Специально приглашенные ради этого случая операторы центрального телевидения, с особым смаком живописали картину эскортирования и транспортировку до полицейского участка лидеров мятежников. Перемазанные экскрементами, стекающими по ногам вонючей жижей, они не могли вызывать никаких иных чувств, кроме брезгливости и презрения. Особенно отвратительно это было заметно на примере верных апологетов Анального – Бельбац, Скобчик и Абдурахмановой. Они даже не пытались сохранить остатки своего женского достоинства. Про Евгению Марковну Бельбац и говорить нечего – с нее как с гуся вода. Она отделалась легче всех. Забегая вперед можно сказать, что она просто заперлась у себя в квартире и не высовывала оттуда носа несколько лет, обрекая себя на добровольное заточение. А когда все же высунула, то с горечью убедилась в том, что ни для кого не представляет ровным счетом никакого интереса. Люди даже забыли кто она такая и смотрели на неё, как на плохо сохранившийся образчик древнего ископаемого. «Лошади» тоже было не привыкать появляться на экранах страны в непотребном виде. Но в отличие от иных деятелей оппозиции ей не повезло едва ли не больше всех. Лишенная негласной поддержки со стороны покойного президента и явной со стороны своей мамаши – сенатора Урусовой, она оказалась фигурантом сразу нескольких уголовных дел, связанных с преступлениями в экономической сфере. С Лией Абдурахмановой судьба-злодейка, также поступила весьма сурово и даже, в какой-то мере, не слишком справедливо. Несмотря на благорасположение к себе со стороны художественного руководителя театра «Современник» – Виктора Крыжанкова, коллектив актеров, занятых в одних постановках с ней, наотрез отказался выходить на сцену с «засракулем»[90] Абдурахмановой. И ничего с этим поделать было нельзя. Мнение коллектива – мнение народа. Крыжакову пришлось проглотить эту горькую пилюлю. Тем более и отношение к самому худруку со стороны Минкультуры после неоднозначного спектакля «Первый хлеб» было, мягко говоря, более чем прохладным. Это был удар не просто по карьере престарелой и пережившей свою популярность актрисы, а уничтожение репутации. Помыкавшись по столичным театрам в безуспешных попытках пристроиться хотя бы на второстепенные роли (в провинцию ехать ей не позволяла гордыня), она не нашла ничего лучшего для себя, как открыть в квартире все газовые конфорки и усесться на кухне, в ожидании неизбежного конца.

 

Что же касается личности самого «выразителя народных чаяний», то обладатель и так не слишком-то благозвучной фамилии уже никогда не смог избавиться от злых и скабрезных частушек, умело рифмовавших его «последнее достижение» с задним проходом. Поэтому с этим типом тоже было все ясно – нельзя возглавлять серьезную оппозицию, если над тобой ухохатывается вся страна. Его фигура стала настолько несерьезной, что от финансирования его деятельности отказались даже зарубежные кураторы. Нельзя восстановить «подмоченную» политическую репутацию, а репутацию «подмоченную» стол экзотическим способом нельзя восстановить и подавно. И чтобы в дальнейшем не предпринимали лидеры несистемной оппозиции, до самой их кончины к ним приклеилось краткое, но емкое название – «засранец». Менталитет русского народа, всегда встающего на сторону притесняемых и гонимых властями на сей раз не позволил проявить чувство жалости и сострадания к опозорившимся таким способам личностям.
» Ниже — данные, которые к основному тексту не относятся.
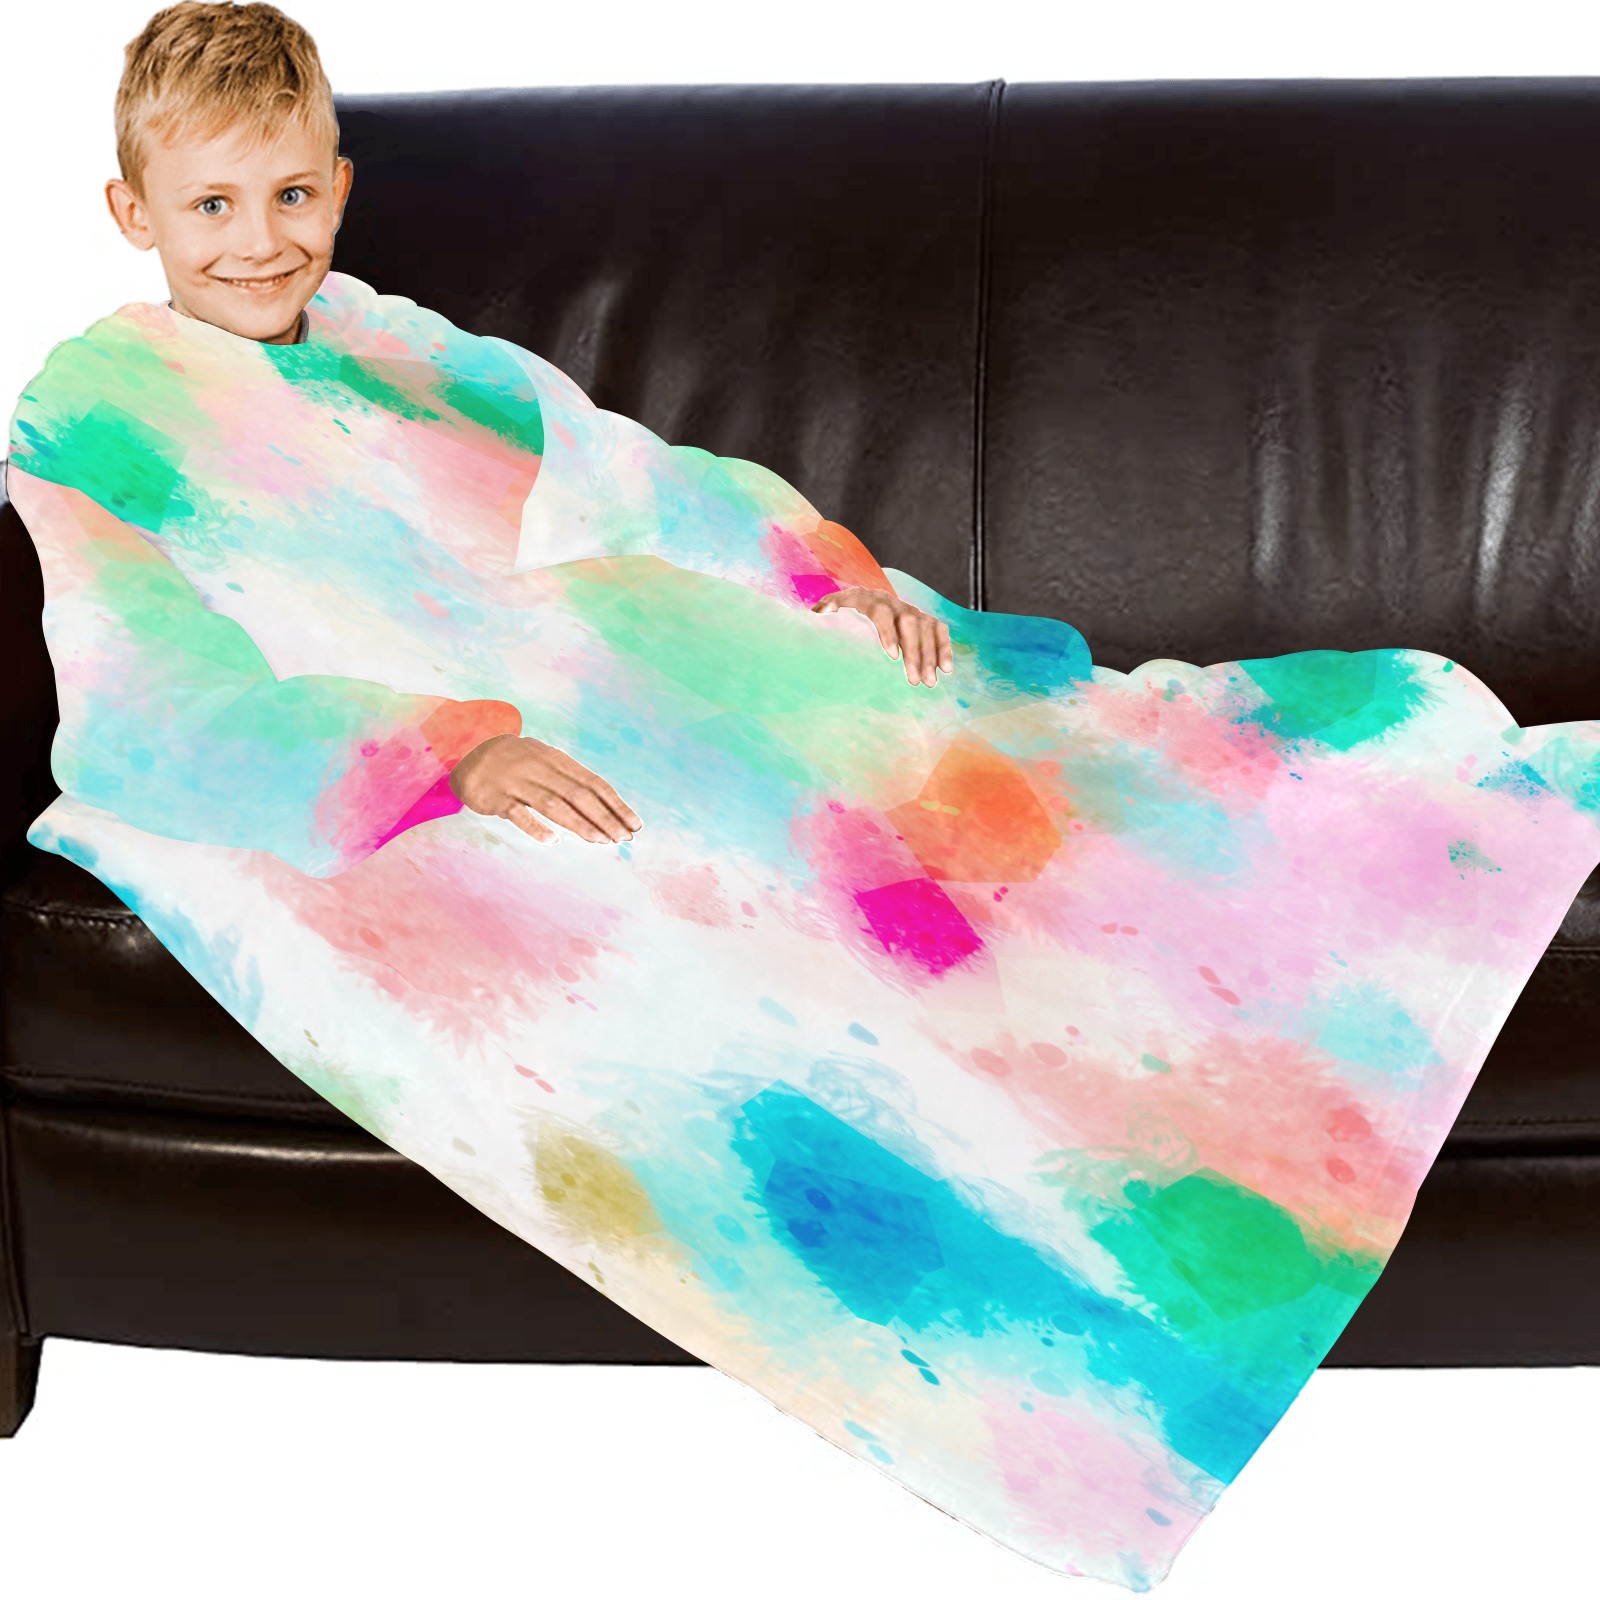 painteddreams Blanket Robe with Sleeves for Kids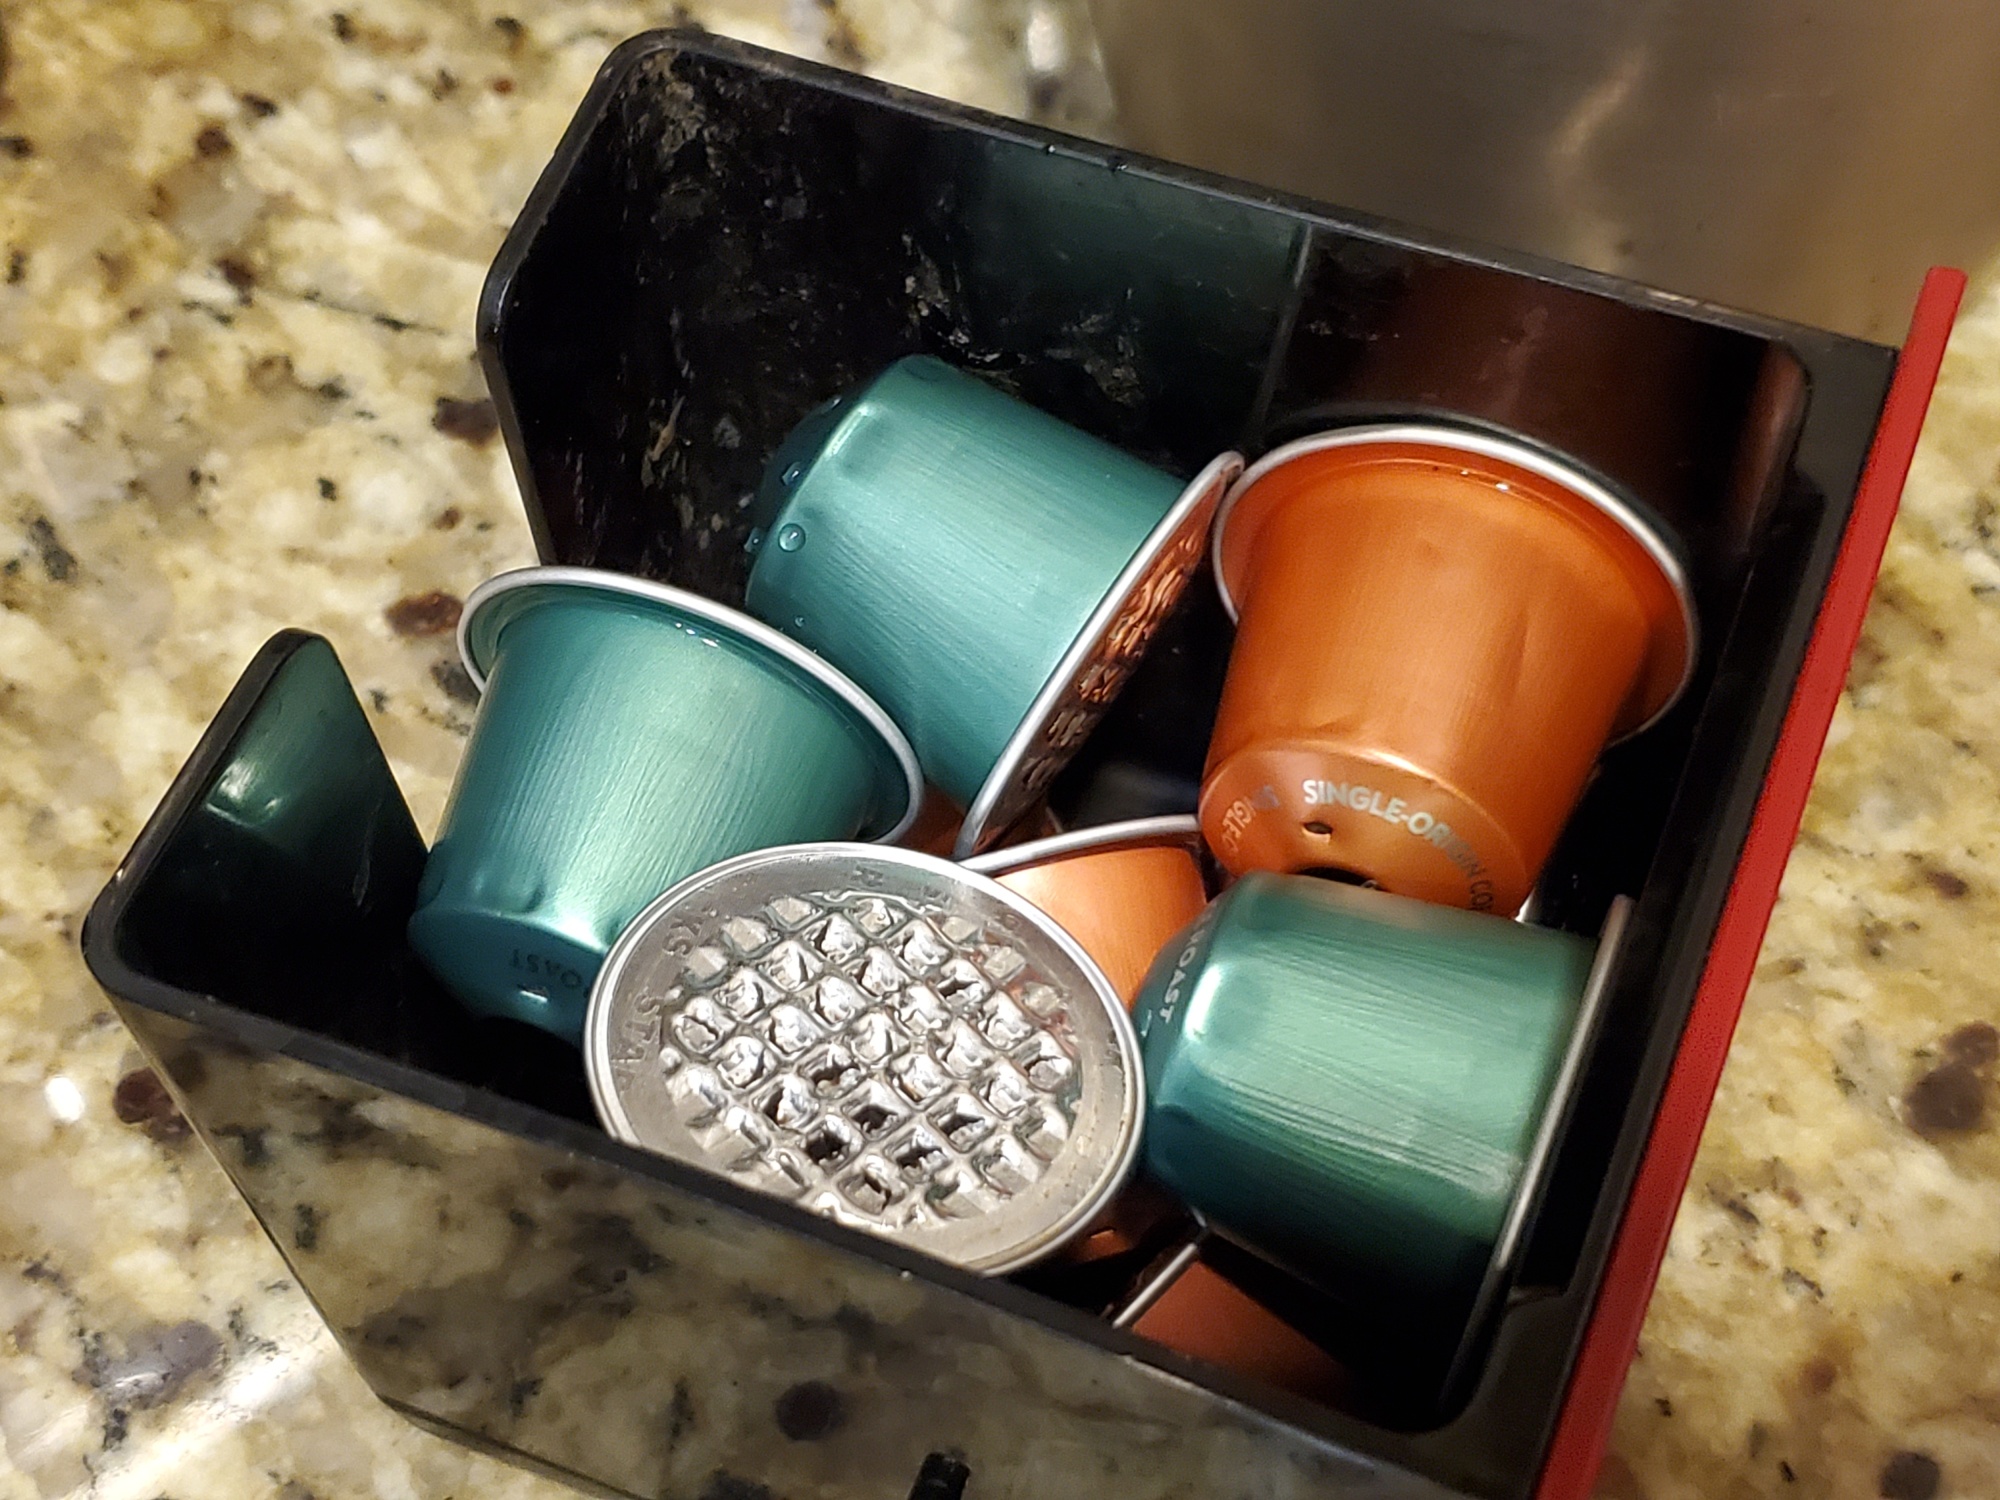 Used Nespresso single-serve coffee pods.

С представителями этнических диаспор стран ближнего зарубежья и гражданами «ридной нэньки» поступили просто и без затей. Иностранным гражданам предложили выбор: либо заплатить миллион рублей, с последующей высылкой из страны и запретом на ее посещение в течение пятидесяти лет, либо отбыть тюремное заключение в десять лет, как участникам вооруженного мятежа. Для этого давался месячный срок на внесение ими или их родственниками необходимой суммы. Естественно, что играть на протяжении десяти лет в догонялки с колымскими медведями, охотников было мало, а вернее, совсем не было. С «ветеранами АТО», прибывшими к месту событий кружными путями и по большей части нелегально, для инструктажа неопытных в «майданных» делах москвичей, вообще поступили довольно гадко. После идентификации их личностей на предмет участия в карательных акциях против Народных Республик Донбасса и получения штрафных сумм с их родственников и волонтерских организаций Украины, их просто передали в руки представителям все того же Донбасса, для проведения над ними суда. На законное возмущение со стороны властей Украины о «подлом обмане клятых москалей», последовал незамедлительный издевательский ответ со стороны Москвы о том, что России все равно какому из регионов Украины передавать преступников, так как она считает территорию Донбасса ее неотъемлемой частью.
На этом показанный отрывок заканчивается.